Replying to Panda’s charge made in an audio-message yesterday that the government had gone back on the promises made at the time of the release of the hostages, the home secretary said that of the five persons whose release the abductors of the two Italian nationals had demanded, Subhashree Das alias Mili had already been acquitted in one of the cases against her. While no fresh cases have been brought against Mili, the wife of Panda, two cases were still pending against her in Nayagarh, the home secretary said.
Another rebel leader, Arati Majhi, whose release was sought by the Maoists, had been acquitted in one case and granted bail in another but in three cases her bail had been rejected. “She can approach the next higher forum in these three cases. In one case the bail is under consideration,” said Behera.
The home secretary said that in the case of Suka Nachika, Chakra Tadingi and Bijay Tadingi, the three other radicals whose release the Maoists led by Panda had sought, the bail had been rejected by a local court in Berhampur but they were free to approach the higher court.
Referring to the cases relating to 22 persons whose release the abductors of ruling BJD MLA Jhina Hikaka had sought, the home secretary said that while four of them had been released, another three would be set free on production of bailers. “Bail has been rejected in eight cases. They can approach the next higher court in appeal. The remaining eight have not filed their bail petitions,” he said.
Behera also accused the Maoists of indulging in violence and killing one person in Malkangiri district on May 19. Stating that the government would do its best to maintain law and order, the home secretary called upon the rebels to shun violence and return to the mainstream.

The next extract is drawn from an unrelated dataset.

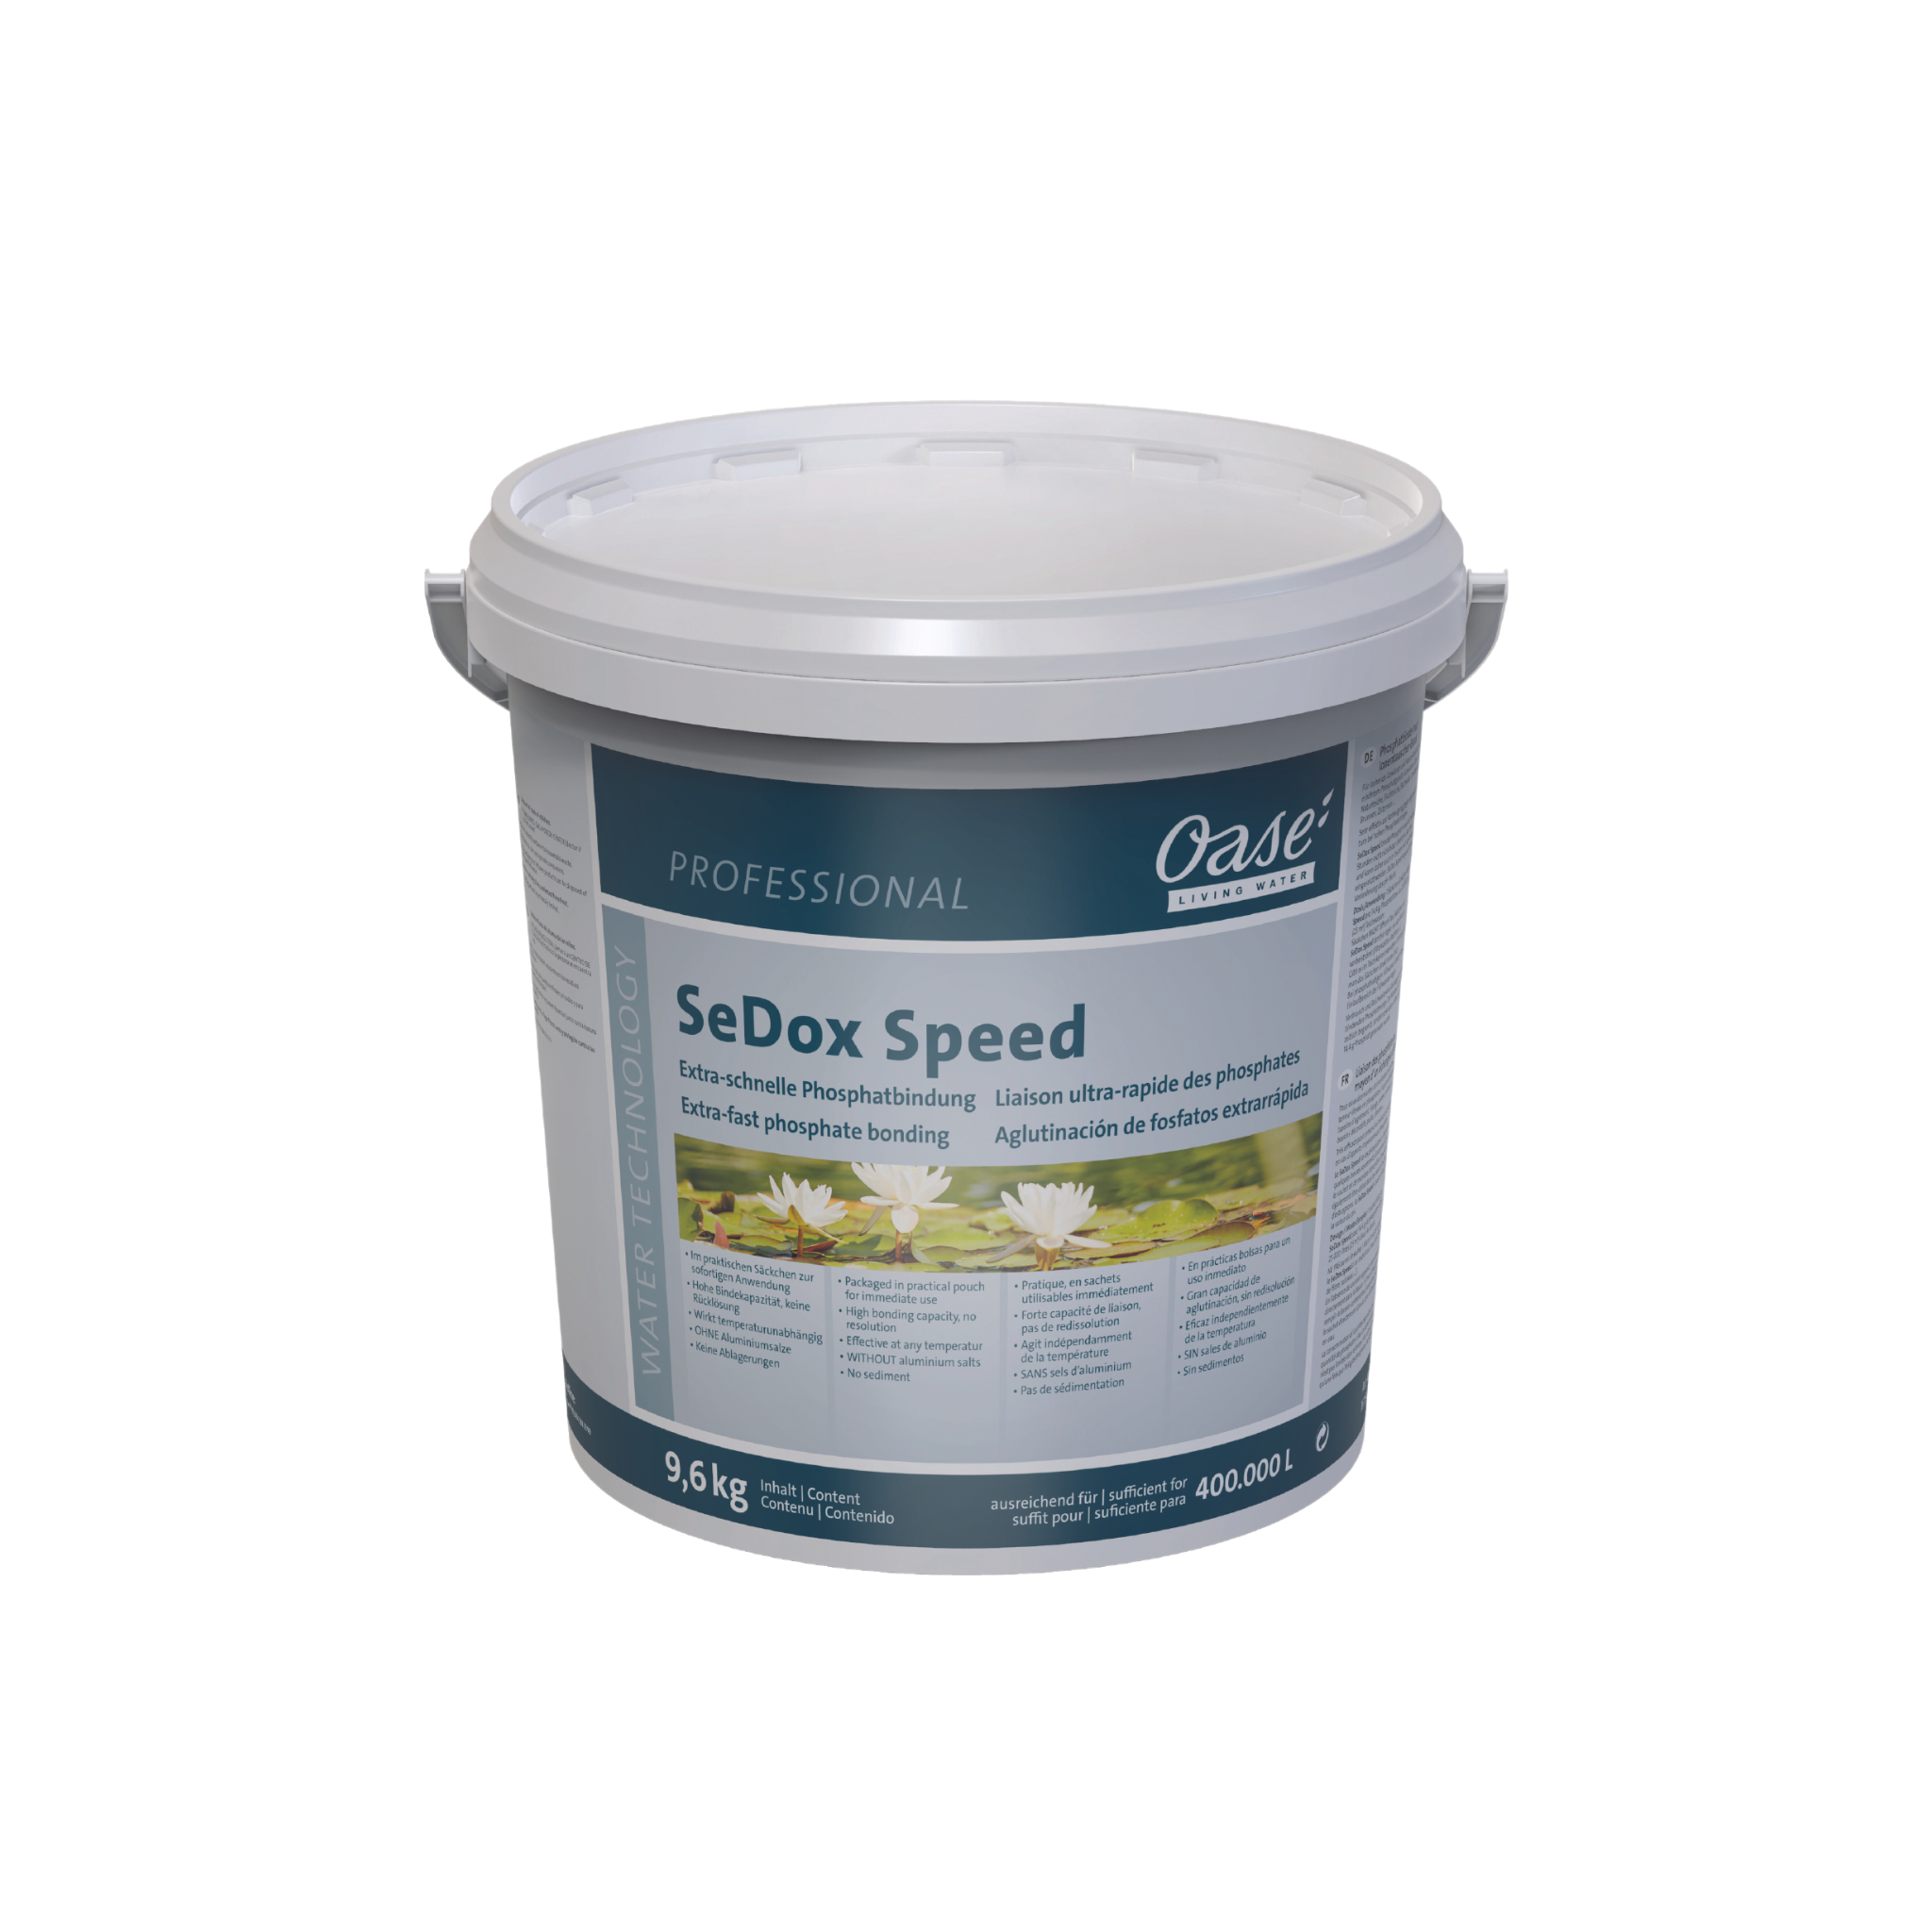 SeDox Speed by OASE. High contents of phosphates are insolubly bonded in only a few hoursWithout phosphate algal growth is limited.

However, B.D. Sharma and Dandapani Mohanty, the two Maoist-chosen interlocutors, pulled no punches in their letter addressed to the home secretary and two other senior bureaucrats who were part of the government team that negotiated with them to bring the hostage crisis to an end in April. They said that though the Maoists had stuck to the ceasefire promised by them, the state forces had been raiding their forest hideouts.